3. Working at Elevate Learning also means you’d be spending a lot of time with the special needs children. What were some of your best memories with the special needs children?
My best memories are always when a child managed to overcome their learning disabilities. I’ve seen a boy that struggled from having no focus, struggling in making eye contact, to being able to sit still, follow lessons and instructions well. This may seem like a small improvement to us, but to them – it is a huge step forward!
We have even seen a boy that is unable to read and now being assimilated into mainstream education!

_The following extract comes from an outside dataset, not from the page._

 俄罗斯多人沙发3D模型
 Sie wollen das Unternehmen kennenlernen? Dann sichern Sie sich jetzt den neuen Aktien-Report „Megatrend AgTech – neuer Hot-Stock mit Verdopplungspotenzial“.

4. What are some of the struggles you’ve faced running the centre?
One of the struggles would be to find businesses willing to hire a special needs person. Ultimately, the end goal would be to raise the children until they are able to stand on their own two feet. It would be great if I am able to find business partners who are willing to hire these special needs children and work with them in the future!
5. Aside from running the centre, you’re also doing your own wedding photography services! We’ve seen the photos on Trees On The Moon and we’re totally in love with it! How do you balance your time being an entrepreneur, running the centre, as well as being a husband?
For me, true fulfilment really comes when running this school. To be able to provide a new life for the kids, to restart – is certainly fulfilling. Photography was always my passion, but running the school gives me purpose. I guess balancing is an art and it can be very tiring! You will have to fall eventually. I guess it’s all about just doing what you have to do and to do what you want to do. Everything will always be impossible until you do something about it.
6. Where do you see yourself in 2 years’ time?
I want to partner with sustainable businesses or perhaps start something new on my own that will ultimately provide job opportunities for people with special needs.
7. Lastly, what are some advice you can give to parents out there with special needs children?
My advice would be to just accept your child and to love them. Don’t forget to spend more time with them. Raising a child with special needs is a lifelong process of learning, you just have to keep on ‘keeping on’.